On 11th of September, 2001, it was less than a year since I had moved to United States. Until that day, I had had it easy. My freshly minted green card gave me an option to choose which side of Atlantic I would call my home.
That day, my potential home became a "dangerous" place. It would have been so terribly logical to use my other option, pack my bags and run and run. Back to Europe, for it was not involved with terrorists, was it? Or I could have packed some canned food and vanish for next ten years into a shack in some woods somewhere, just to stop harassing someone by the very fact of my existence and my lifestyle. Dig in, hide out, wait to let it pass... And then I suddenly discovered that I actually did not have a choice. I could not do it. We live here, we have chosen this kind of life as the best we ever knew. America welcomed us with open arms and without prejudice. Hence I have been feeling this kind of unredeemable debt.

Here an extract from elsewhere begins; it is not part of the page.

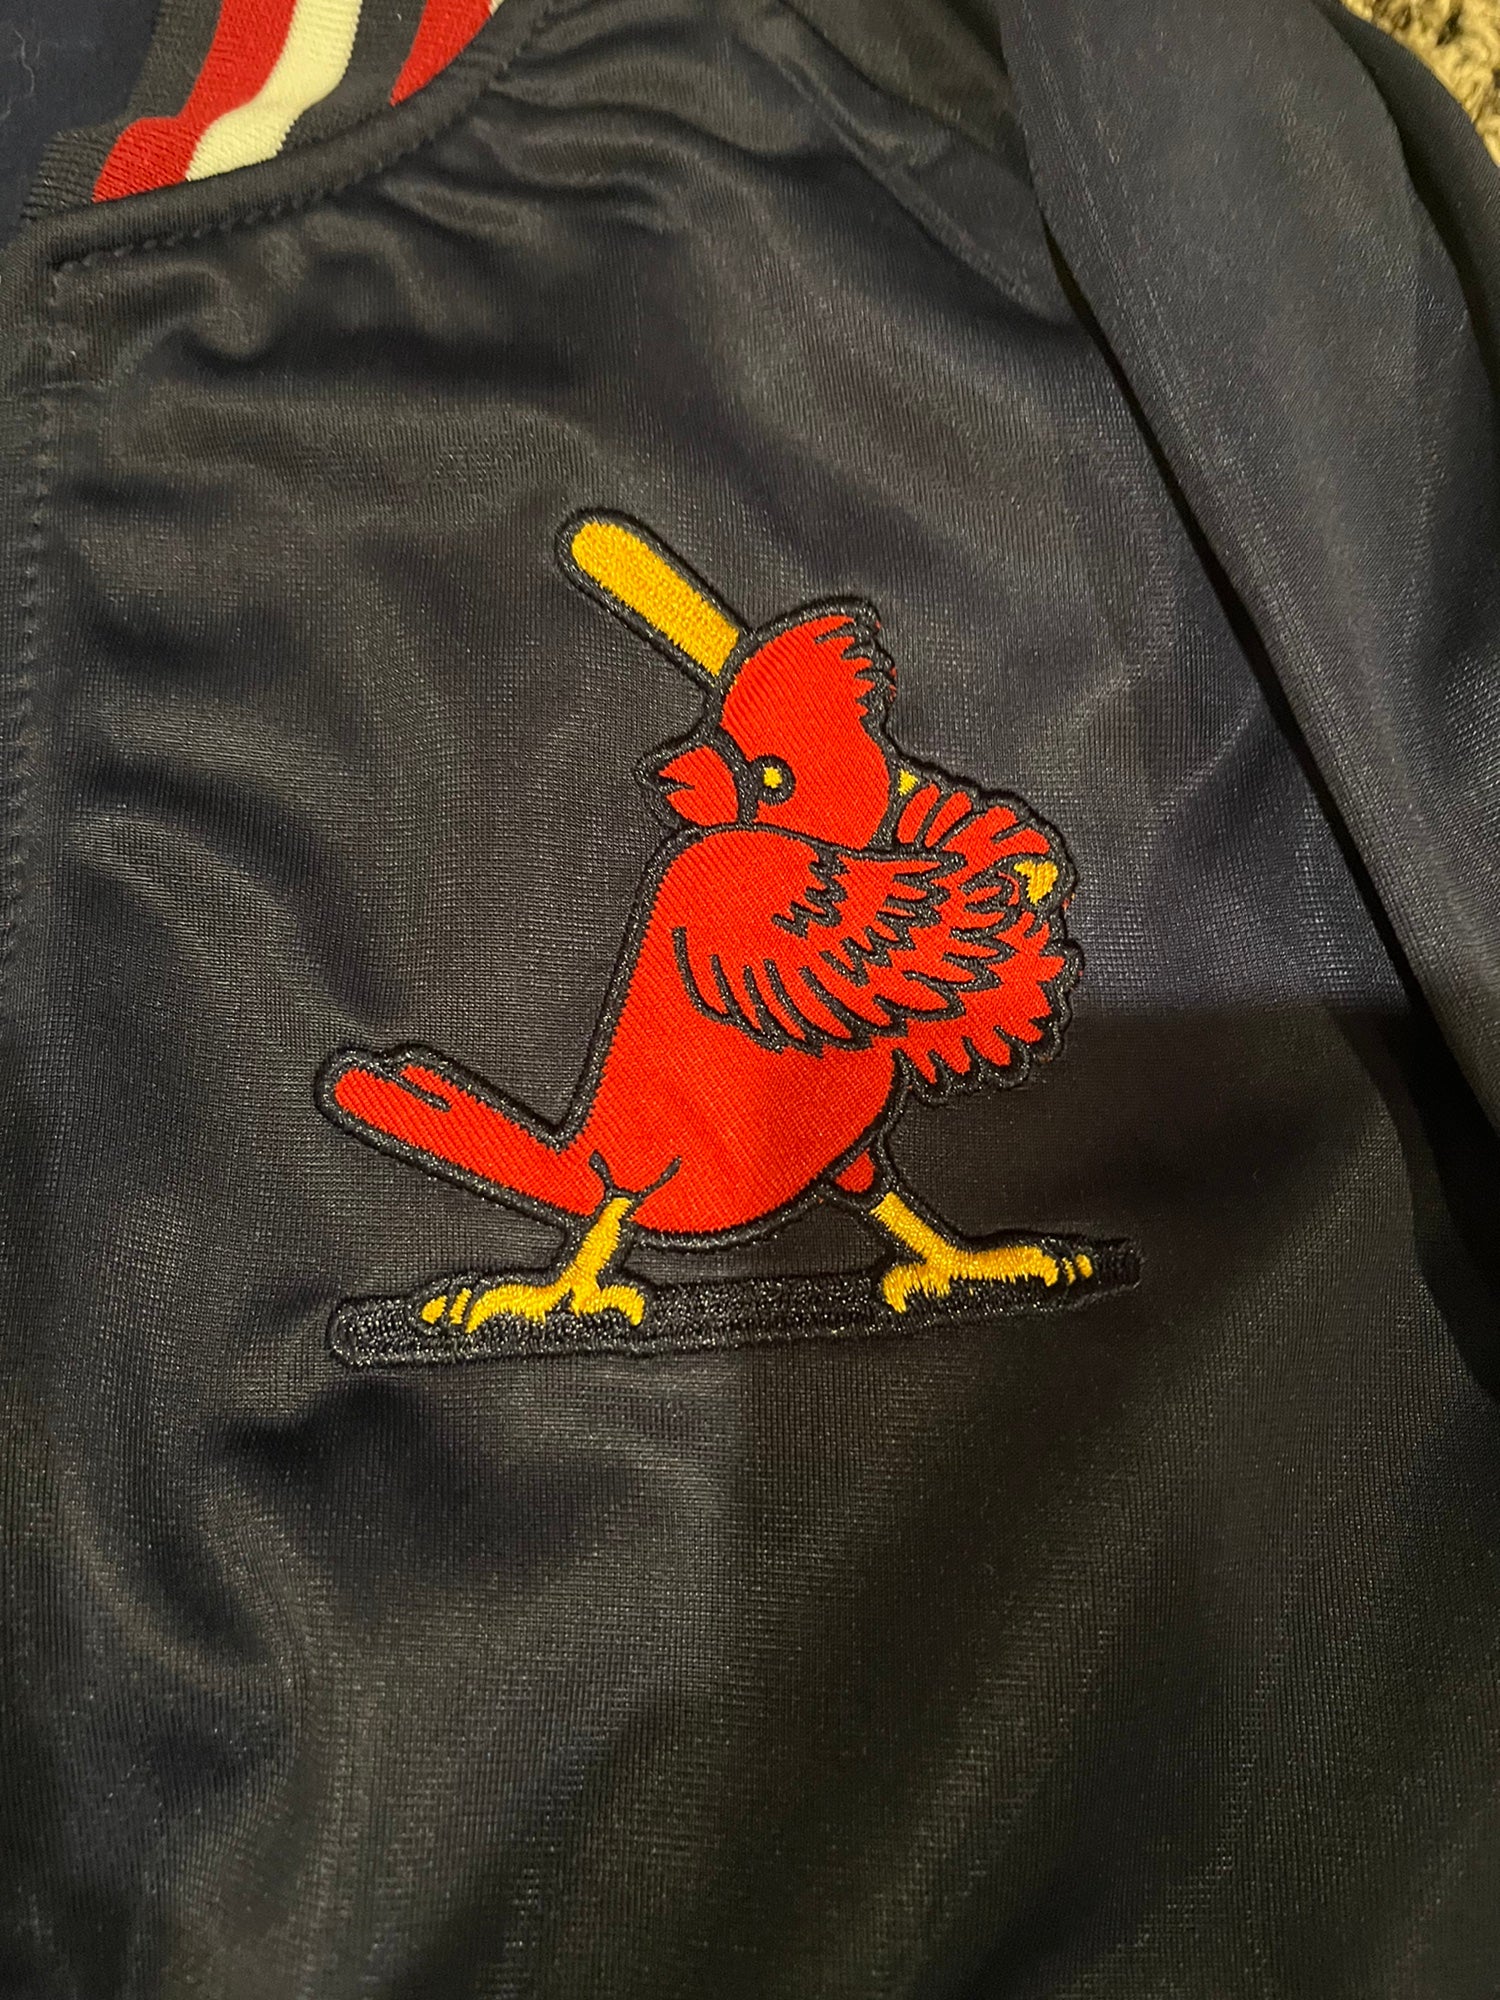 Mitchell & Ness Men's St. Louis Cardinals Short Sleeve Hoodie

I felt no such thing back in Czech, but here, it has been quite strong. It is... this certain pride
in all those people who managed to wrestle all these riches and functionality of a free society out of
a primitive wilderness. And I mean an unyielding, raw nature. Just take a look at the eastern side
of Sierra Nevada: a scenery like cut out of those heartbreaking newscasts about miserable terrorist nations,
who kill out of sheer feeling of hopelessness. Is it a wonder that they are so desperate and mean, when
they must live is such a cruel desert with barren mountains behind their backs? Hogwash!

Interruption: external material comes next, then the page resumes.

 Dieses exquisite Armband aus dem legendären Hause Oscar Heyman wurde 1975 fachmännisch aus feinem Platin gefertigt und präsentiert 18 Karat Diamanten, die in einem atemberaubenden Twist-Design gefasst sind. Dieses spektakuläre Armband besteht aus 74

In America, even in the middle of a wasteland, shabby towns keep on thriving, with small farms, telephone, mail, churches... And with composed, kind folks. How they make their living, I don't know, it most certainly includes plenty of hard work and a constant stubbornness, just to settle in such a place. Their determination and toils were matter-of-factly accompanying this country right from its beginning. So was a rule: don't whine and don't give up. A man would stand by his freedom and his right to control his own life. The freedom is not there because someone dispensed it, arranged for it, or even forced it upon them, but because these people have always been ready to defend it. This freedom brought their ancestors here, the maladjusted ones, who transcended a fossil Europe; they sacrificed a relative comfort of then most advanced civilization just to prevent others from directing their lives. It's in their minds, their character, their way of life, not in laws or regulations.
If I gave it up and ran, I could never be this free again.
I would perhaps reach a safer place, where I would not need to take risks. I would
dissolve myself into a statistic, becoming a small gear in a well controlled social machine.
I would let someone else make decisions for me.
They would determine whether I may carry a weapon and whether I may shoot an intruder with it or
discourage a nationalizing official claiming imminent domain. But most importantly -- I would try
hard not to stand out, so that my neighbors would not feel compelled to mark my car with a coin,
expressing thus their envy that I could afford a car, working overtime while they already
sunbathed in their back yards.
It would actually be easy, comfortable, safe -- and cowardly. But of course -- I am still afraid that I'm sort of more "vulnerable" here. Yet a lot more, I am afraid that sacrificing even the smallest and most insignificant freedom to fear for one's own safety and comfort is a step towards mandatory burkas and Gulags.
We have an anniversary. I am not the type to march somewhere, waving a flag. I simply get ready for another blow, promising to myself that even if I were to lose everything, I would start anew from scratch. Just like all those outcasts and maladjusted had started, those who had formed this world for me. They seem much closer to me now, although we were never family.